## RECORDED INFORMATION
********************

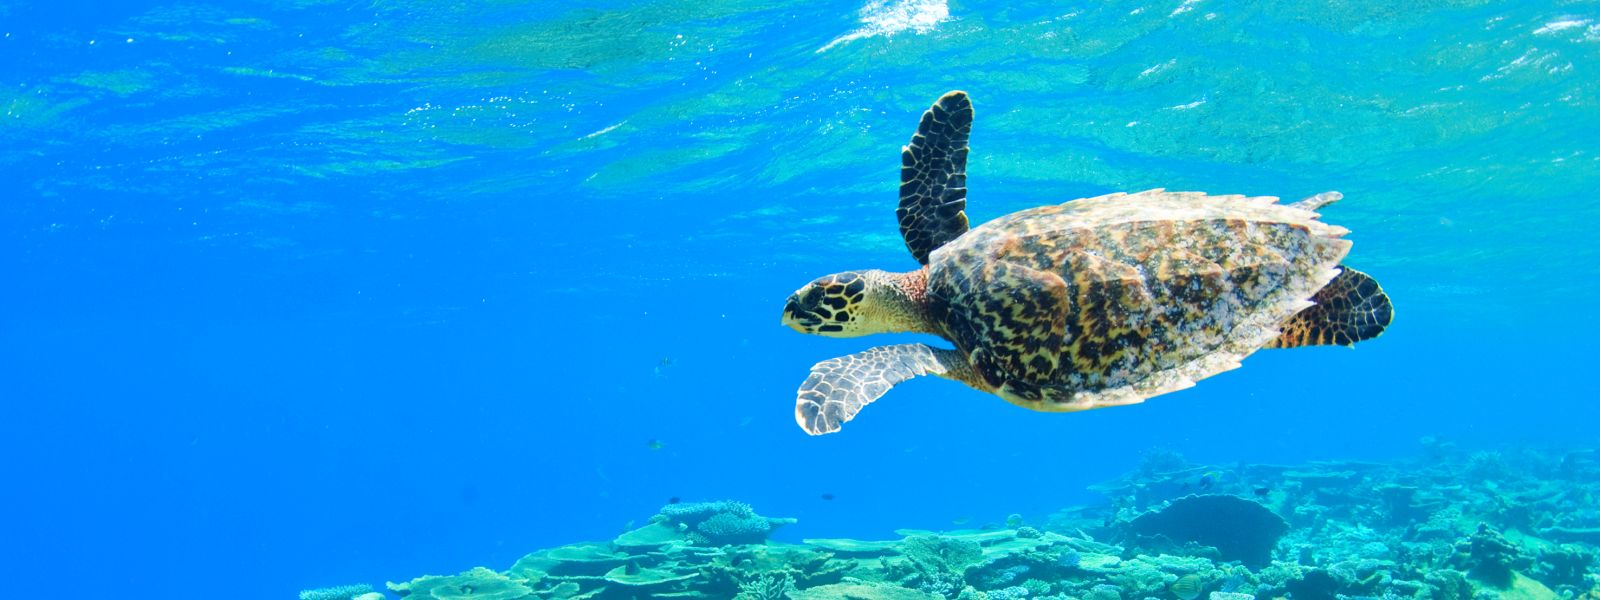 SChildkröte Malediven Nachhaltig
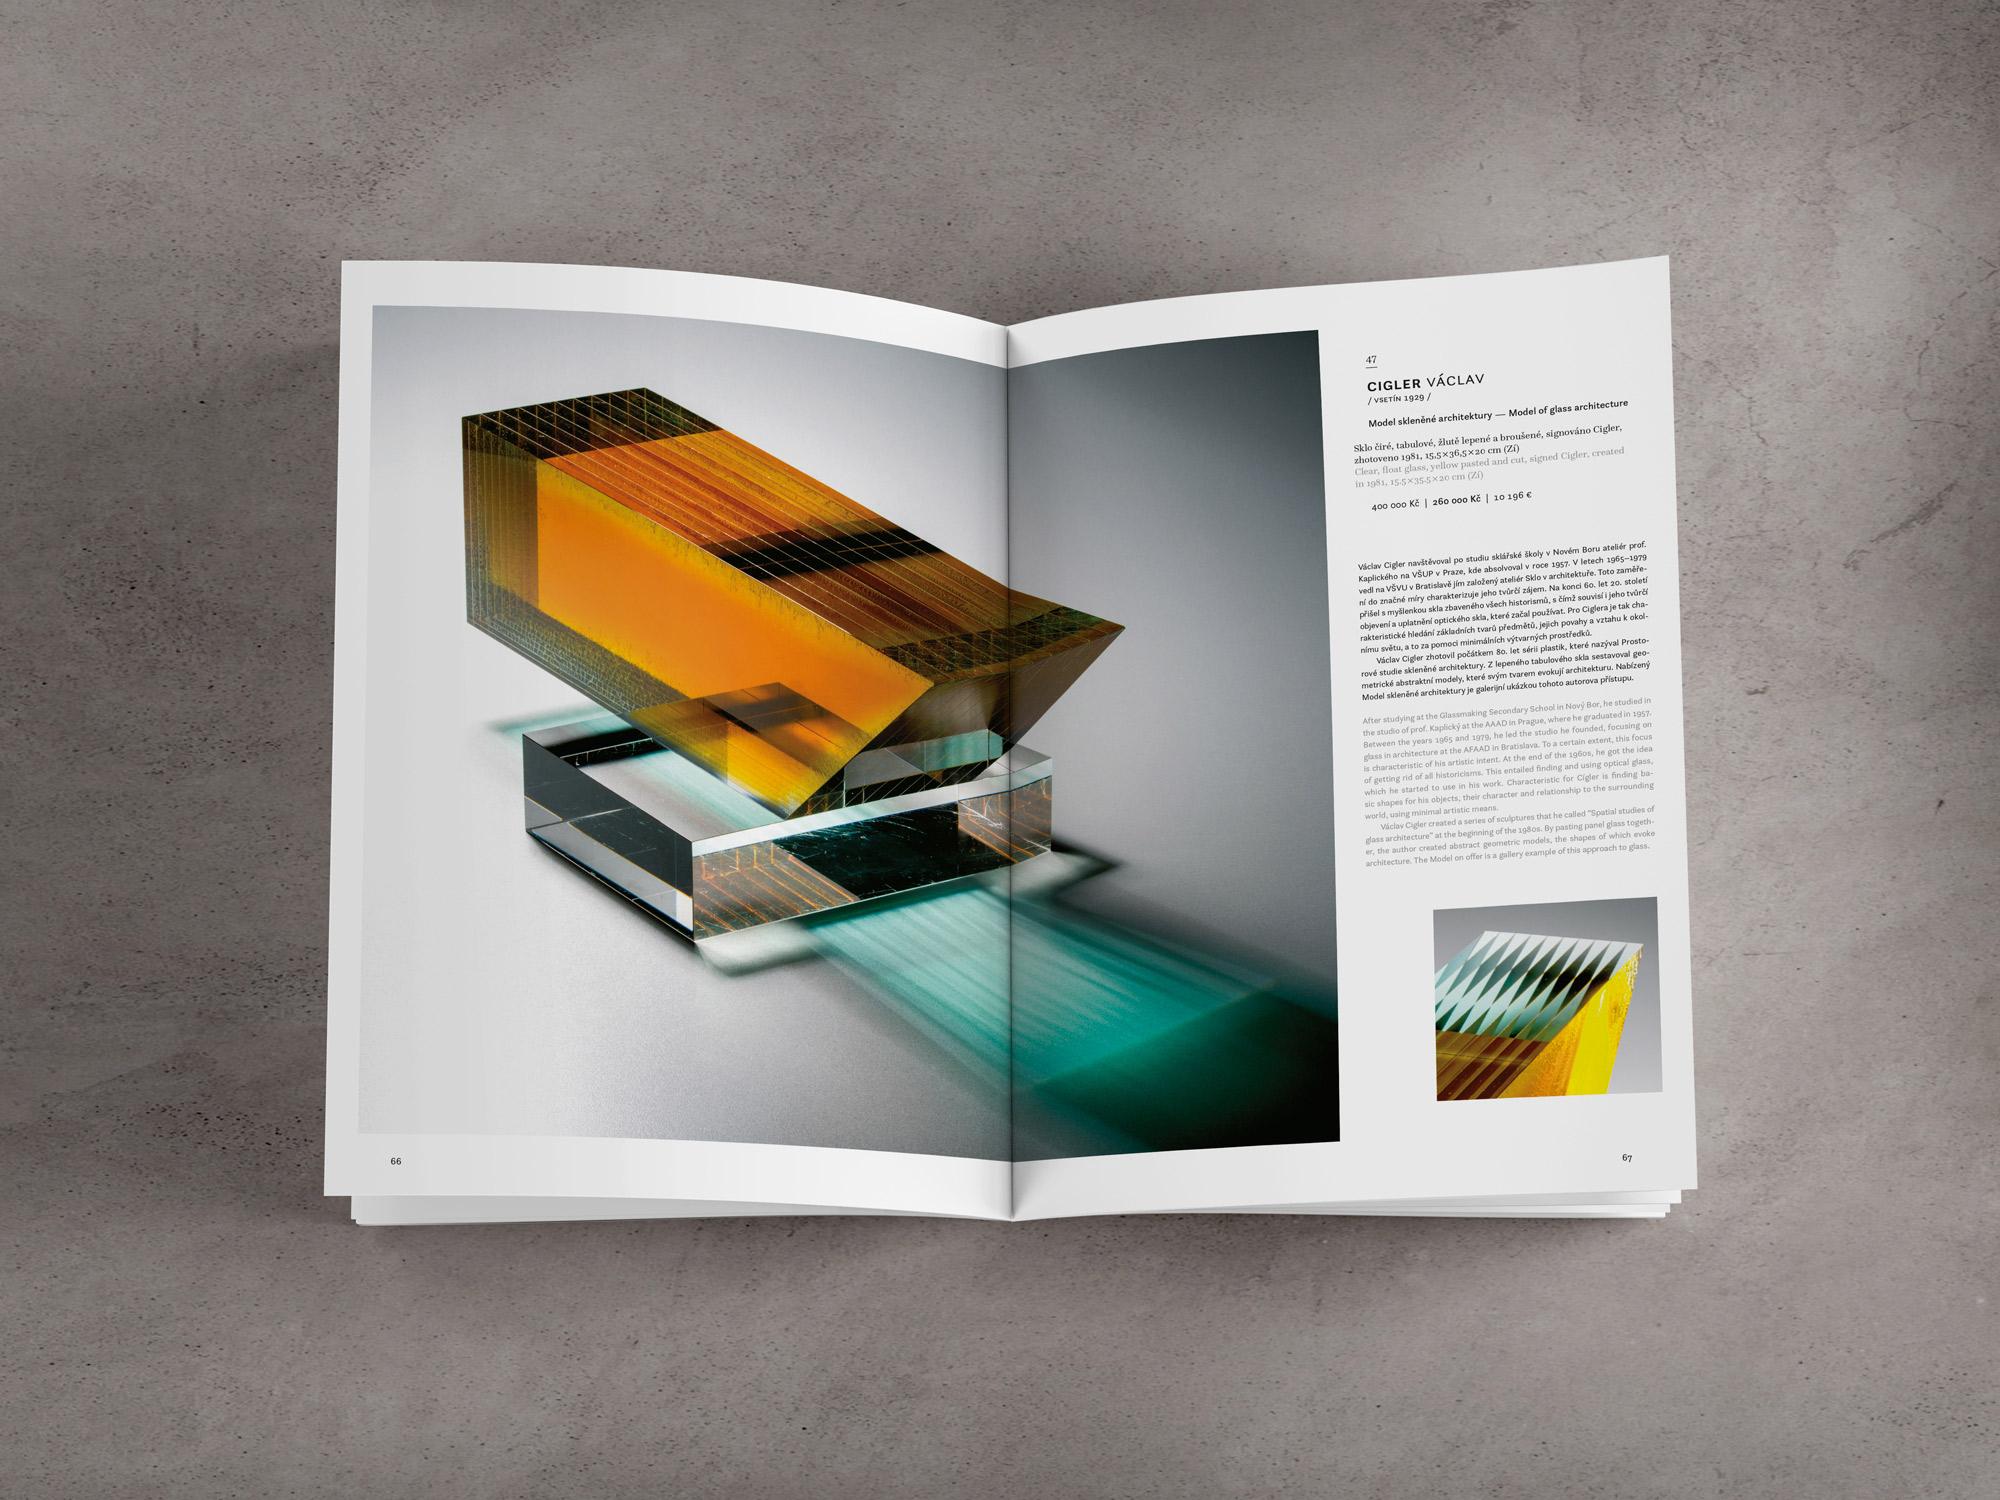 [album/Products_Model_Product/51/DOR_Krehka_sila_katalog_2017_vnitrek_3.jpg]
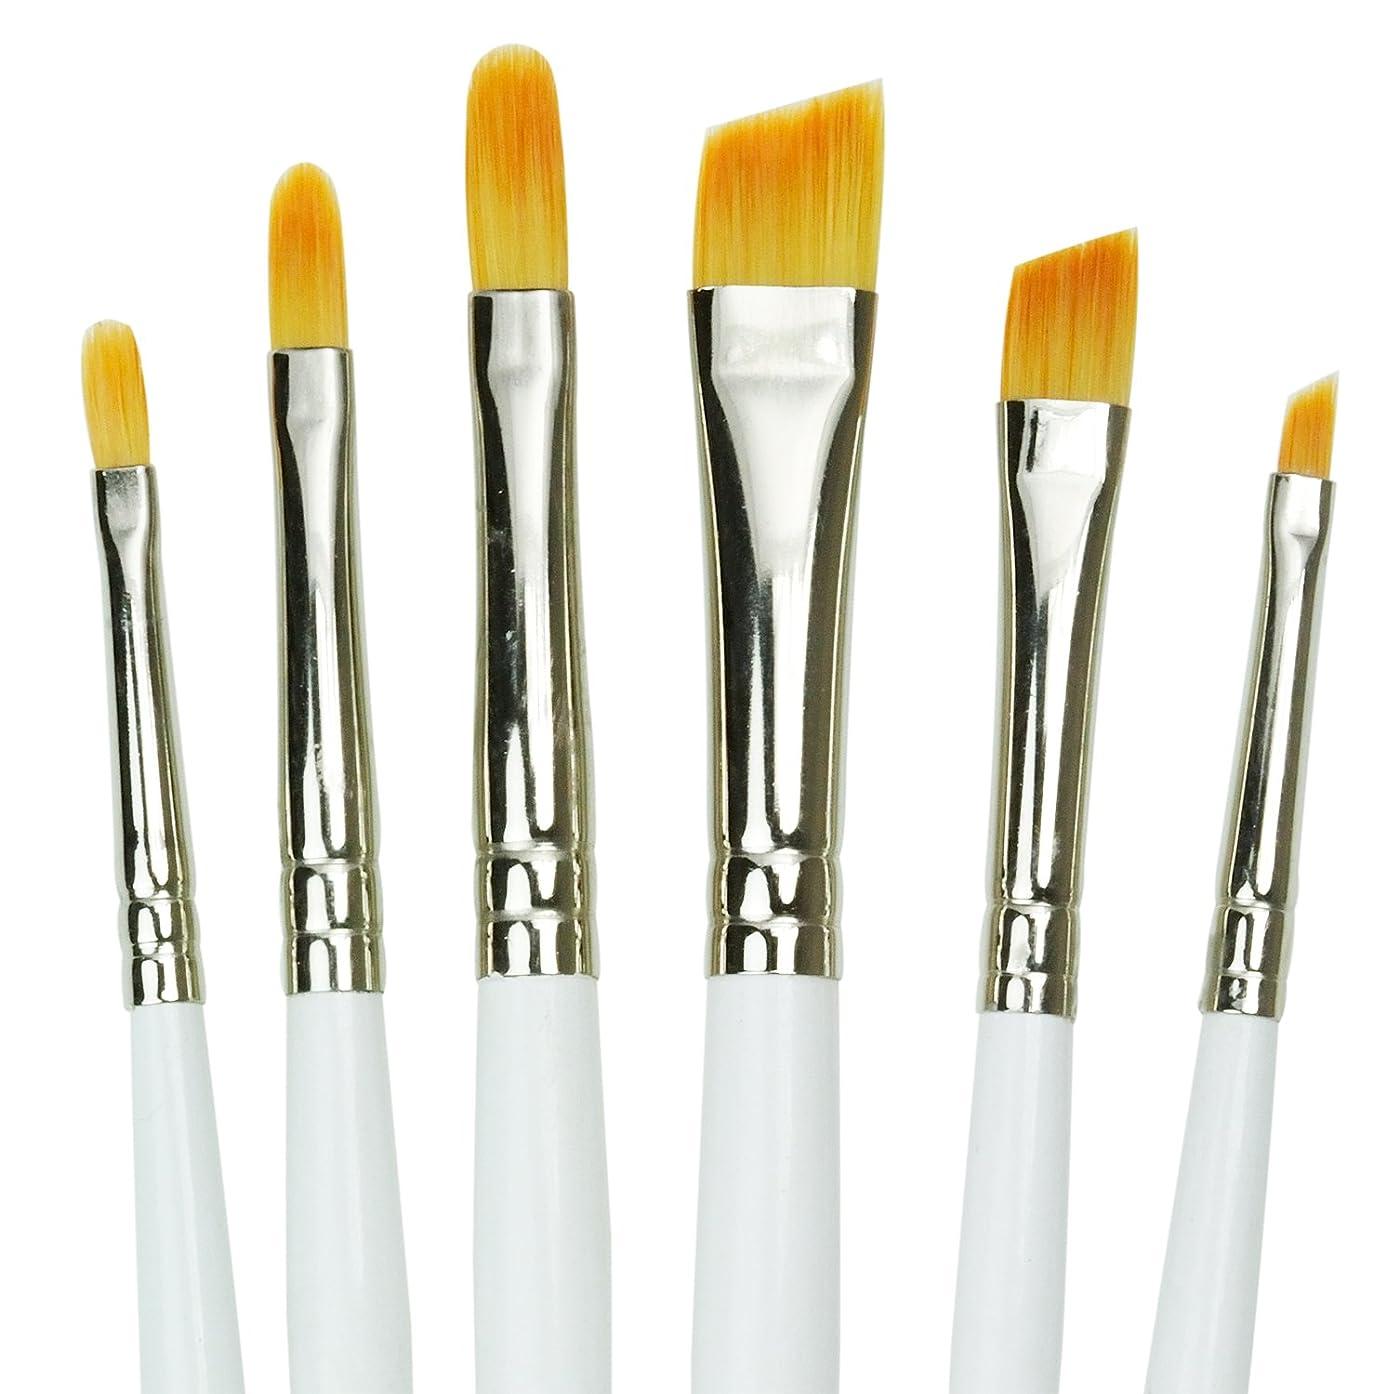 Royal Gold Royal and Langnickel Short Handle Paint Brush Set, Filbert and Angular, 6-Piece

********************

## HOW TO COMPLETE THIS TASK
Where a picture appears in the material above, skip it, and print the rest exactly.

## RESPONSE
 SChildkröte Malediven Nachhaltig
 [album/Products_Model_Product/51/DOR_Krehka_sila_katalog_2017_vnitrek_3.jpg]
 Royal Gold Royal and Langnickel Short Handle Paint Brush Set, Filbert and Angular, 6-Piece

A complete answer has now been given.